Hace apenas unas horas que habéis partido de nuevo a Oriente con lo cual no volveréis a aparecer por aquí hasta dentro de un año. Quizá haya sido éste un año más fácil para vosotros, pues la dichosa crisis no deja el horno para muchos bollos y vuestros sacos habrán sido mucho más ligeros que en ocasiones anteriores. Me gustaría, antes de que andéis demasiado lejos, enviaros mi carta personal para que, en caso de tener unas horas antes de llegar a vuestro destino, me podáis hacer un pequeño favor: repartir algunos regalos más, en forma de mensajes.
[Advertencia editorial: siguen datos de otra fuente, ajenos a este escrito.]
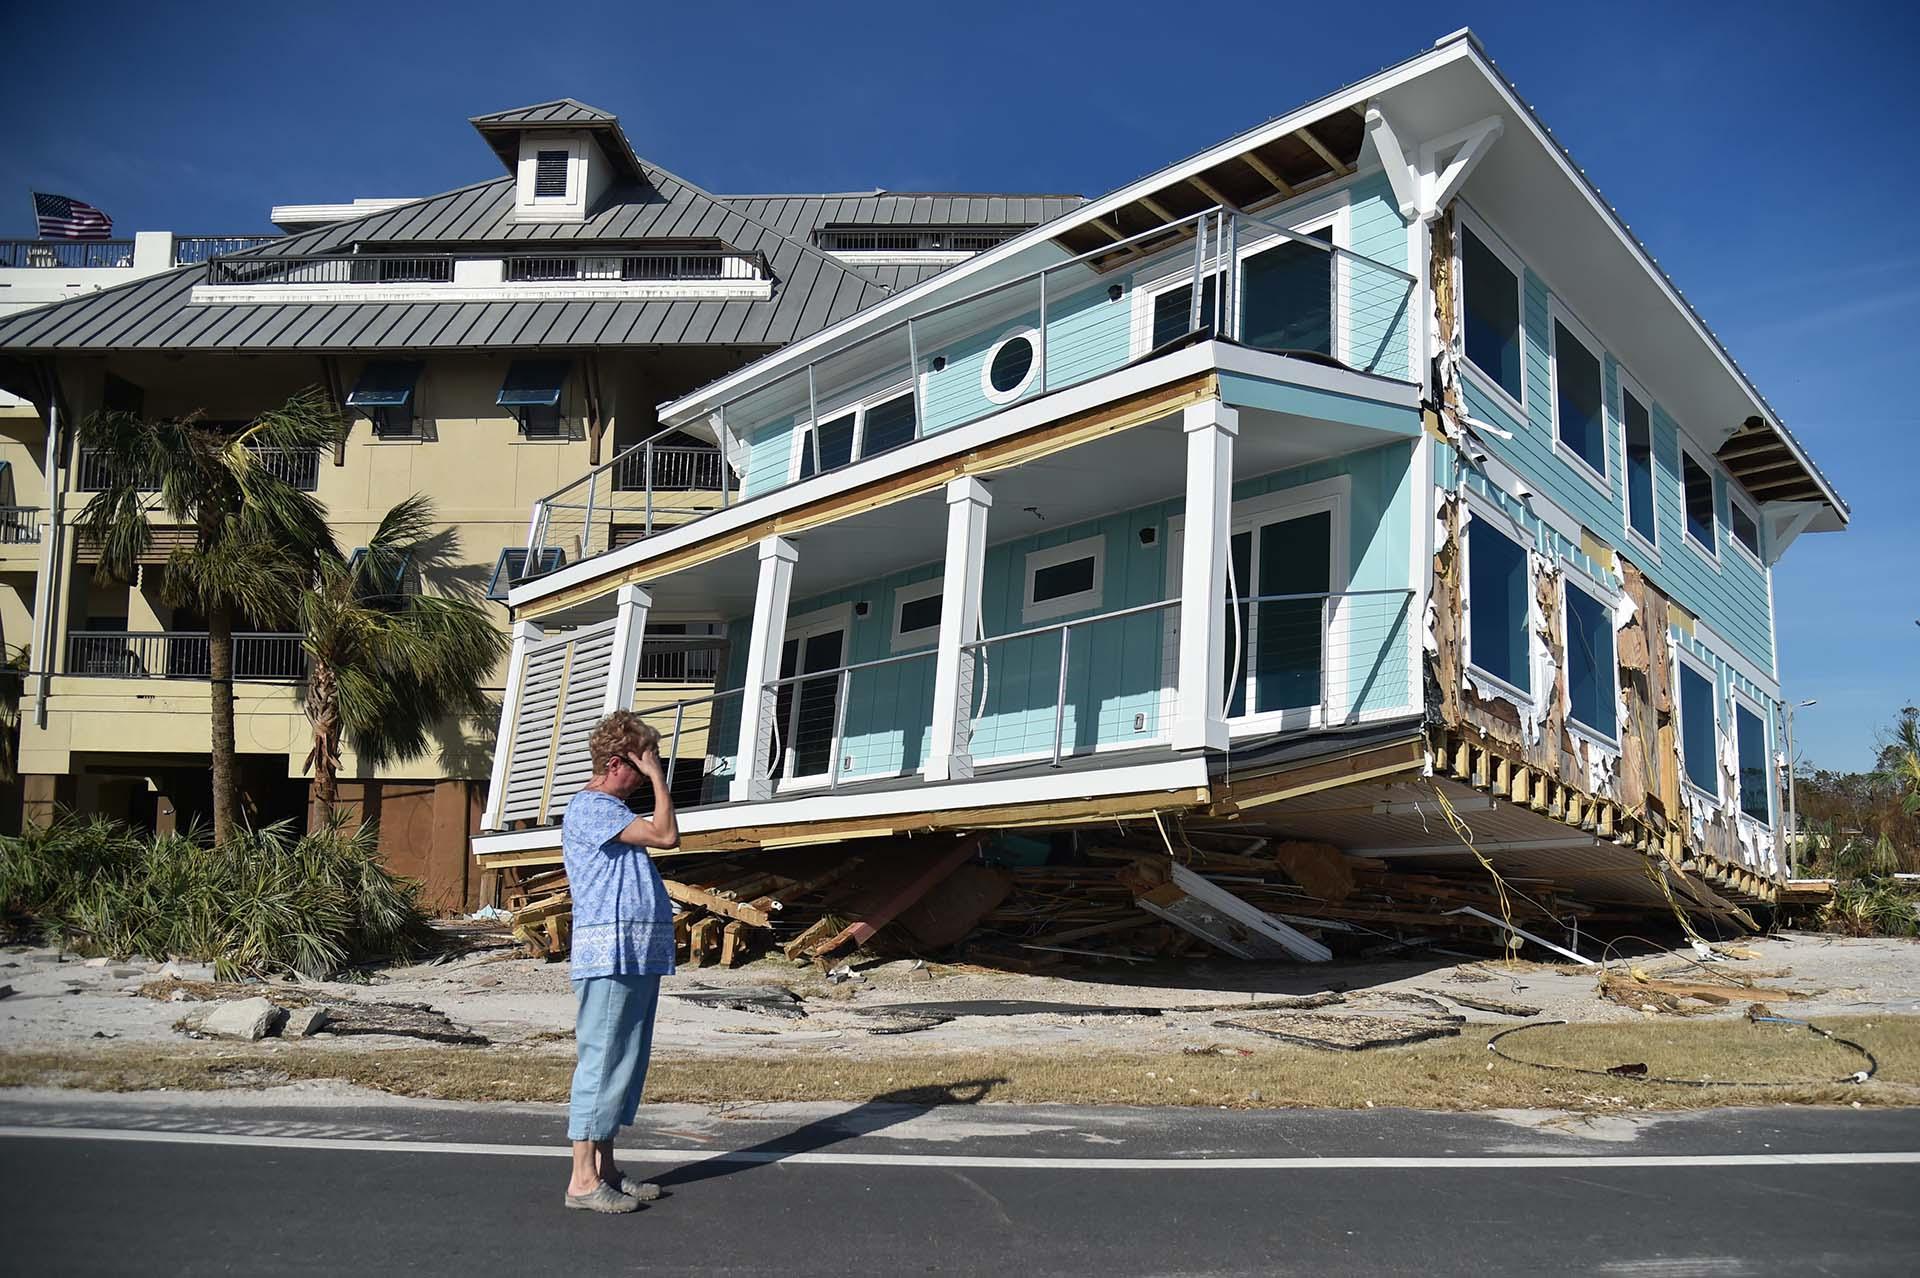 Claire se lamenta al ver el daño causado por el huracán Michael en Mexico Beach, en Florida, el 12 de octubre

Me gustaría que entregarais cierto optimismo a todo aquel que sigue creyendo que detrás de cada oportunidad sigue habiendo una calamidad. Entregadles un paquete donde se puedan leer bien claro tres mensajes fundamentales: la causa de los problemas se debe a circunstancias superables; los malos momentos son inestables, de manera que no duran eternamente y no hay que abandonarlo todo si falla algo en particular.
En segundo lugar, os agradecería la entrega de ciertas etiquetas para poder pegarse en la frente en las que se pudiera leer: me acepto. Entregad esta dosis de aceptación a todo aquel que durante este año se haya olvidado de dedicar tiempo para el autoconocimiento, de evaluarse de forma positiva, de considerar que los errores forman parte del aprendizaje y, en la mayoría de los casos, del pasado. En definitiva, a quien haya olvidado desarrollar todas sus capacidades y recursos, creyendo que ni siquiera merecía la pena intentarlo.
El tercer regalo es para todos los que están sufriendo. Entregad el presente envuelto en el mejor de los papeles porque cuando lo desenvuelvan deben encontrar las palabras de apoyo de todos cuantos les rodean pero también el mensaje de que seguir huyendo del sufrimiento es empresa inútil. Dadles así una buena entrega de afrontamiento. Que el regalo les sirva para recordar que sólo podrán salir del sufrimiento si lo experimentan y aceptan porque es la mejor forma de mirarle a la cara y empezar a actuar para combatirlo.
Una bolsa bien alegre y jugosa, como si de golosinas se tratara, para todos aquellos que piensan demasiado. Dentro de ella deben encontrar tiempo para poder evadirse, disfrutar de todo aquello que solían hacer y han dejado de hacer. De manera que la mayoría de problemas que han causado, fruto de su hiperreflexividad, se convierta en alternativas positivas de cambio y reflexión adaptativa. Que piensen pero que actúen. Que no se dejen la segunda parte de la fórmula.
Por último, y no escatiméis en tiempo ni papel, dejadnos una buena dosis de motivación para el cambio. Que nos quede bien claro que dentro del regalo está la responsabilidad de cada uno de nosotros para ser dueños de nuestras vidas y cumplir nuestros sueños. Que cada vez que lo veamos nos neguemos a seguir escudándonos en compromisos inútiles o en la falta de tiempo. A ver si de una vez por todas nos convencemos de que todo lo que hacemos depende en gran medida de nuestras decisiones, que no de nuestras condiciones. Éstas últimas no son más que barreras autoimpuestas.
Dejadnos al menos un año de prueba y cuando volváis, si no hemos hecho mucho caso, no tendréis más remedio que dejarnos una buena dosis de carbón, aunque esto último, desgraciadamente, lo sabemos hacer todos muy bien durante todo el año.
Muchas gracias por todo y feliz viaje de vuelta.